In the above-described embodiment, the rear side portion 42 which is a rear side edge of the low pressure port 40 in the rotational direction includes the first portion 421 and the second portion 422 protruding to the rear side of the first portion 421 in the rotational direction. In addition, the second portion 422 is disposed at each position of the inner side and outer side of the first portion 421 in the radial direction. The second portion 422 may be disposed only on the inner side of the first portion 421 in the radial direction, or may be disposed only on the outer side of the first portion 421 in the radial direction.


In the above-described embodiment, in the radial direction, the position of at least a part of the first portion 421 matches the position of the first residual pressure release port 71, while the position of at least a part of the second portion 422 matches the position of the second residual pressure release port 72. In the radial direction, the position of the first portion 421 and the position of the first residual pressure release port 71 do not have to match. In the radial direction, the position of at least a part of the second portion 422 and the position of the second residual pressure release port 72 do not have to match.


In the above-described embodiment, the cylinder port 20 is simultaneously connected to the second residual pressure release port 72i and the second residual pressure release port 72o by the rotation of the cylinder block 5. The cylinder port 20 may be connected to the second residual pressure release port 72o after being connected to the second residual pressure release port 72i by the rotation of the cylinder block 5. The cylinder port 20 may be connected to the second residual pressure release port 72i after being connected to the second residual pressure release port 72o by the rotation of the cylinder block 5. That is, the cylinder port 20 may be sequentially connected to the plurality of second residual pressure release ports 72.

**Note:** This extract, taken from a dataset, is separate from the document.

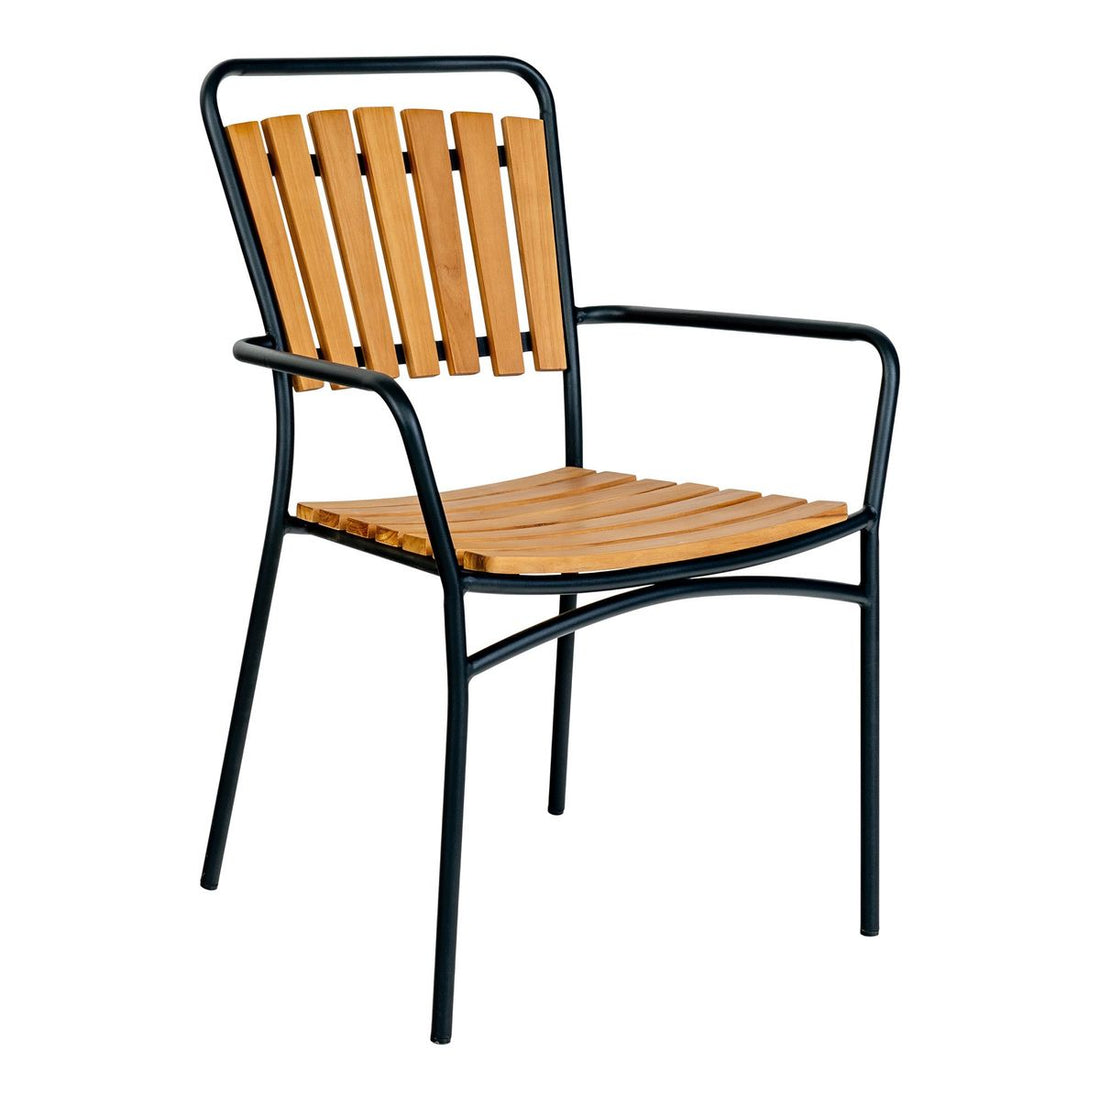 House Nordic Cleveland Dining Chair - Set of 4

In the above-described embodiment, the cylinder port 20 is connected to the second residual pressure release port 72 after being connected to the first residual pressure release port 71, and connected to the low pressure port 40 after being connected to the second residual pressure release port 72 by the rotation of the cylinder block 5. The cylinder port 20 may be simultaneously connected to the first residual pressure release port 71 and the second residual pressure release port 72 by the rotation of the cylinder block 5.


In the above-described embodiment, the size of the first residual pressure release port 71 is smaller than the size of the second residual pressure release port 72. The size of the first residual pressure release port 71 may be equal to the size of the second residual pressure release port 72, or may be larger than the size of the second residual pressure release port 72.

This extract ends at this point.